Qu’est-ce que cette image de la main brûlée vous apprend, alors que vous venez de perdre quelqu’un que vous aimez ?
Quand nous nous blessons physiquement, notre organisme a l’intelligence spontanée de mettre en route un processus de cicatrisation de la plaie physique. Ce processus naturel nous protège des agressions extérieures et répare les tissus lésés.

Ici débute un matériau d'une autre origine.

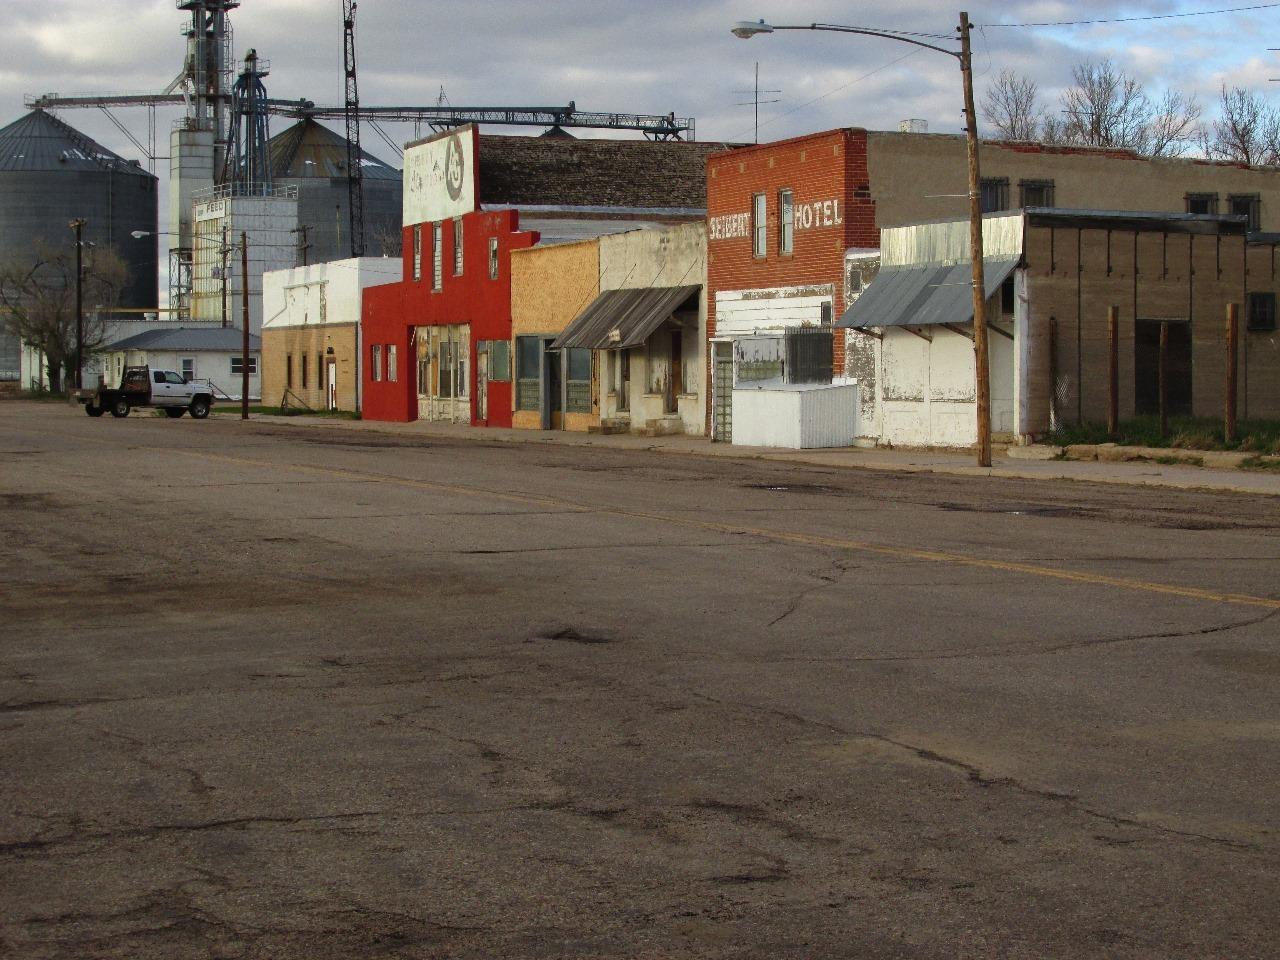 Downtown Seibert, Colorado

Il en va de même quand on perd quelqu’un qu’on aime : notre esprit a, lui aussi, une intelligence spontanée qui met en route un processus de cicatrisation de la plaie psychique que représente la perte de l’être aimé. C’est ce qu’on appelle le « processus de deuil » : ce processus est naturel et il nous est absolument nécessaire, si nous voulons restaurer notre équilibre intérieur et ne pas nous effondrer psychologiquement. C’est une protection qui nous permet de survivre au traumatisme violent de la disparition. Il faut bien comprendre que la mise en route du processus de deuil ne relève pas d’une décision de notre part : elle est inconsciente, automatique et immédiate après la perte de la personne aimée.

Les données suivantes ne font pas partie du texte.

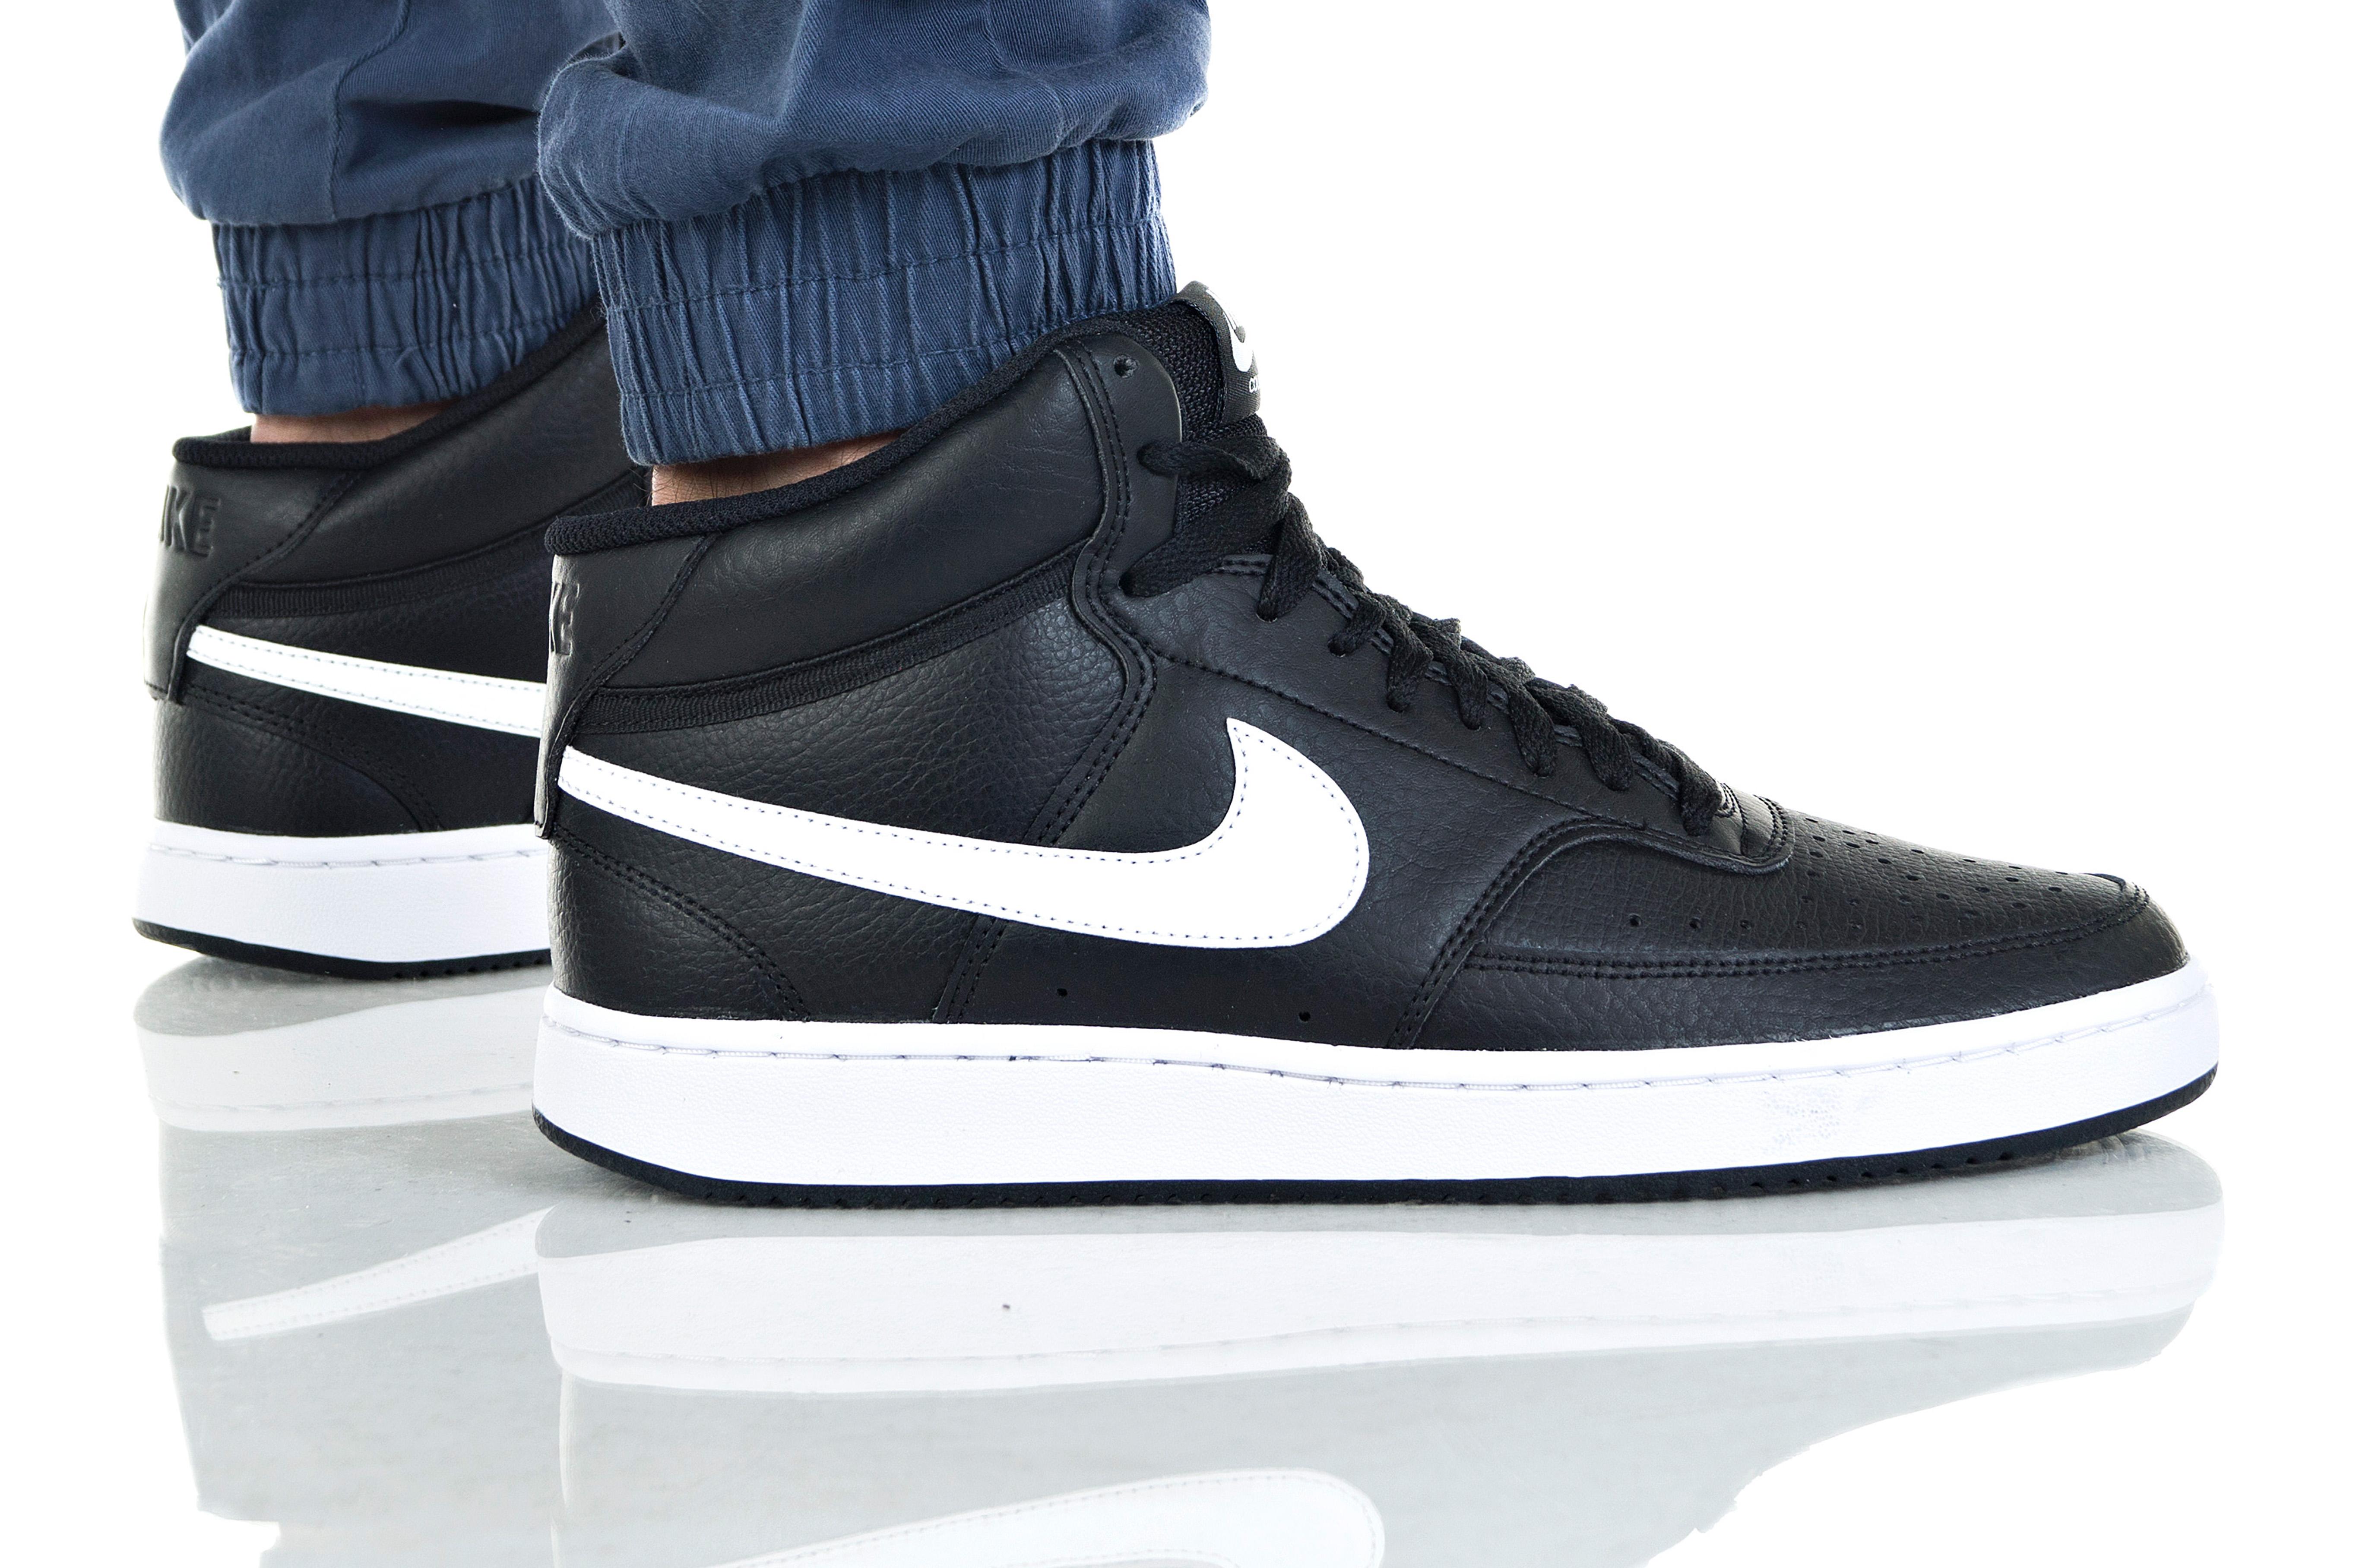 נעליים נייק לגברים Nike COURT VISION MID - שחור

La question qui se pose alors, face à votre perte, est la même que face à la main brûlée : quelle décision allez-vous prendre pour accompagner le processus de cicatrisation du deuil ?
- Soit vous refusez de vous confronter à tout ce que cette perte induit en vous : des émotions très fortes, des changements de comportements, des modifications dans votre relation à autrui… etc. Vous espérez qu’avec le temps – et avec le temps seulement – le processus de deuil va se passer tout seul et que tout va progressivement rentrer dans l’ordre, « comme avant », sans avoir à changer quoi que ce soit dans votre vie… Cela peut marcher quelque temps, mais vous vous rendez compte très rapidement que ça ne fonctionne pas sur la durée et que vous êtes, en fait, de plus en plus mal…
- Soit vous décidez de faire face, directement et activement, à ce qui se passe maintenant dans votre vie. Le fait d’accepter la réalité de cet événement qui bouleverse votre existence ne va pas atténuer votre douleur, dans un premier temps (rappelez-vous : les soins de l’infirmière font mal pendant longtemps). Mais vous choisissez de faire quelque chose face à votre perte et vous décidez de prendre soin de vous, sans subir passivement les événements.
Cette démarche active de votre part et cette décision de vous occuper de vous est ce qu’on appelle : le « travail de deuil ». Le travail de deuil permet de canaliser la douleur et d’aller vers la guérison de la blessure intérieure : c’est l’équivalent du plan de soins que l’infirmière construit avec vous pour traiter votre main.
Il y a donc, d’un côté, le « processus de deuil » qui est spontané, naturel et indispensable et de l’autre, le « travail de deuil » qui est votre décision d’accompagner ce processus de deuil, du mieux possible. Ce sont deux notions différentes.
En lisant ceci, vous comprenez aussitôt que le processus de deuil n’a donc rien à voir avec l’oubli de la personne que vous avez perdue ! Sur le site de « Traverser le deuil », il ne sera jamais question d’ « oubli » ou de « tourner la page », car, en vérité, le deuil ne parle pas du tout de cela.